The purpose of this study is to estimate the average degree of stress at work by using acceleration data from wearable terminals. Teams or team members wear wearable terminals that include acceleration sensors and that collect data on their body movements. However, if this is an official initiative in a company, the company cannot order that employees be measured for 24 h including during their private time. Therefore, to consider practicality, we have to add the constraint of targeting measurement data obtained only during working hours. The reason we focused on body movement is because we had the following prior research. Although people tend to think that they consciously understand and control themselves, Pentland (2010) proposed the idea of the “honest signal,” which is a non-verbal and unconscious signal made by the body that includes an enormous amount of information about humans themselves. In fact, Nakamura reported that stress differences appear in statistical distributions of body activity (Nakamura et al., 2007). Furthermore, a scaled distribution of mice showed the same tendency as that of humans (Nakamura et al., 2013). These findings support the existence of universal honest signals among animals.

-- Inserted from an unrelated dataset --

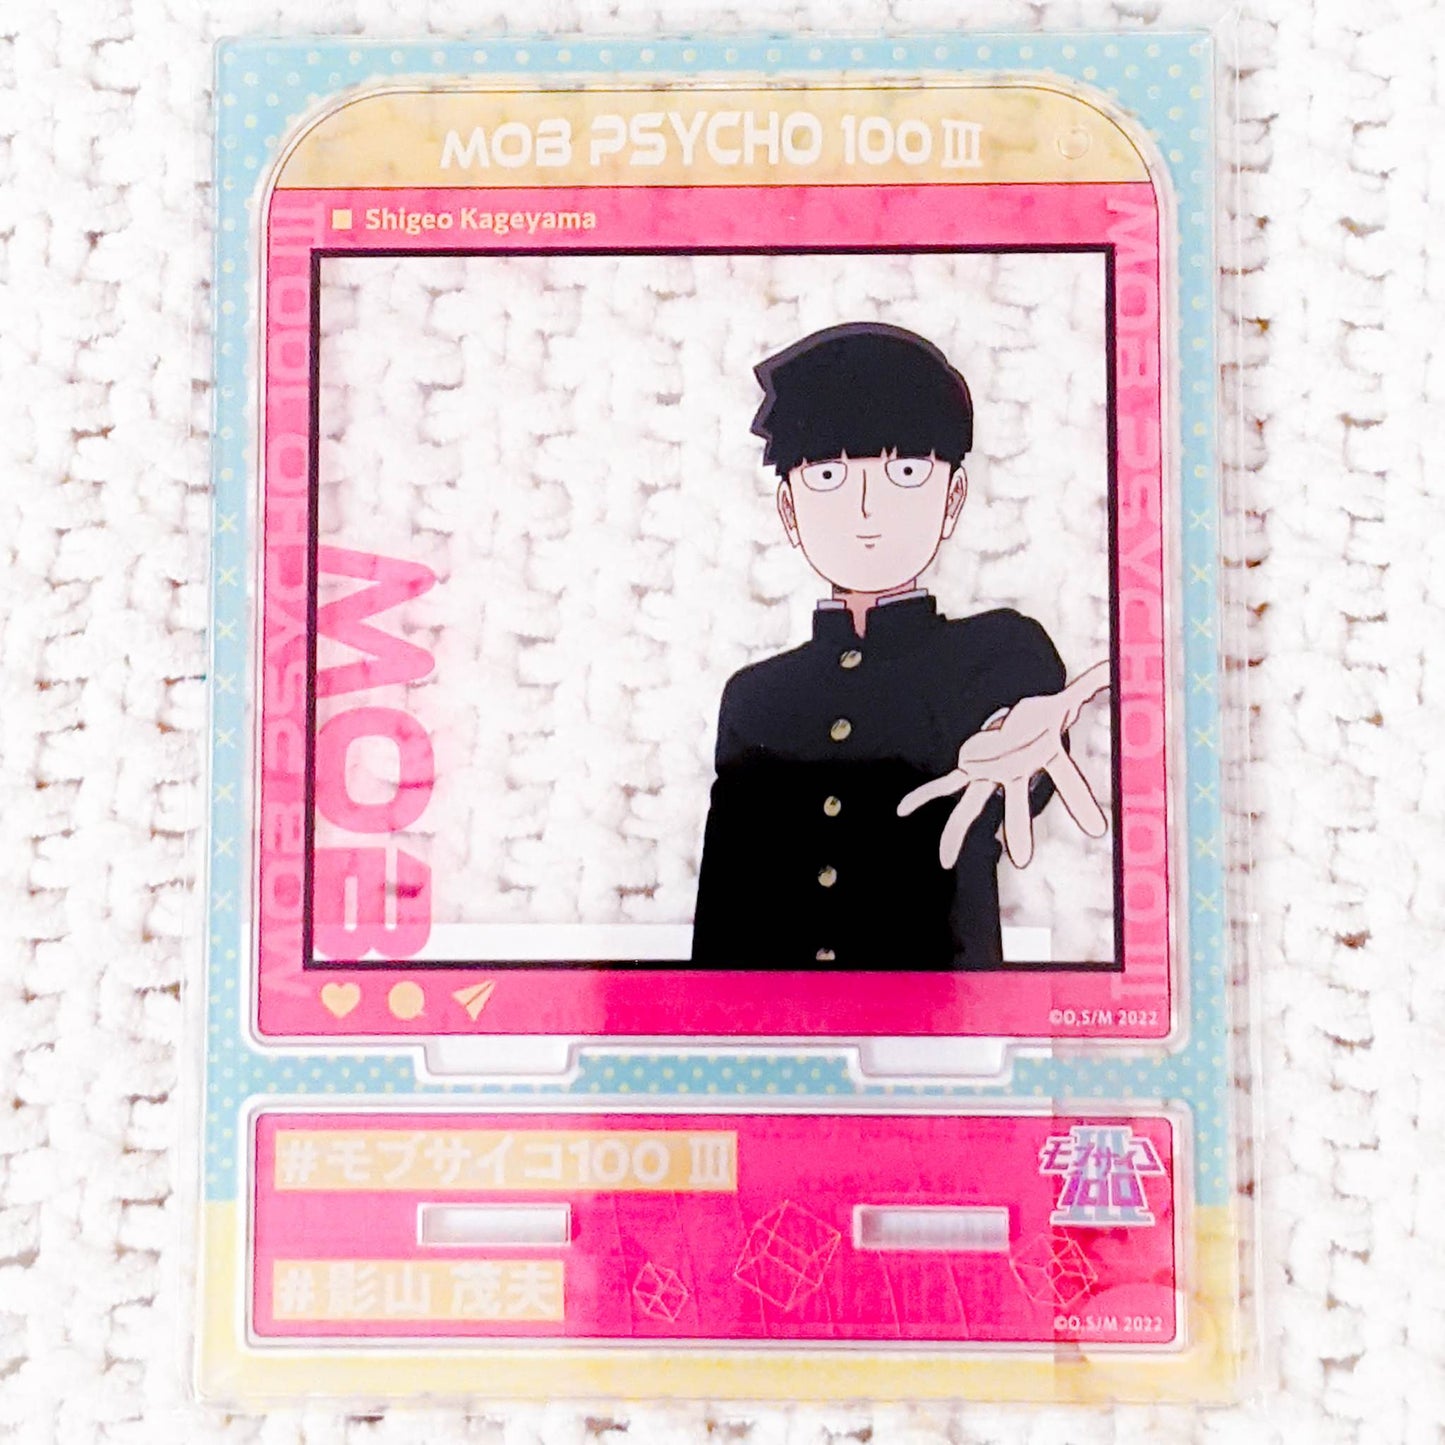 Shigeo Kageyama - Mob Psycho 100 Anime Acrylic Photo Stand

The conventional study (Nakamura et al., 2007) does not describe a method of identifying the degree of stress in healthy people and the case of using data obtained only during working hours. This study extends Nakamura's study (Nakamura et al., 2007), assuming that it will be used in an actual workplace as an alternative to the ESs. If this is realized, the following added value can be expected in management. For example, changes in the average stress level of a department can be monitored daily, and when it increases, managers can quickly notice and intervene. Also, there has been no way to collect continuous stress data in the same organization. However, statistical analysis of continuous data linked to employee work and activity records will likely reveal the factors that affect stress. It is expected that such added value will be welcomed by many companies.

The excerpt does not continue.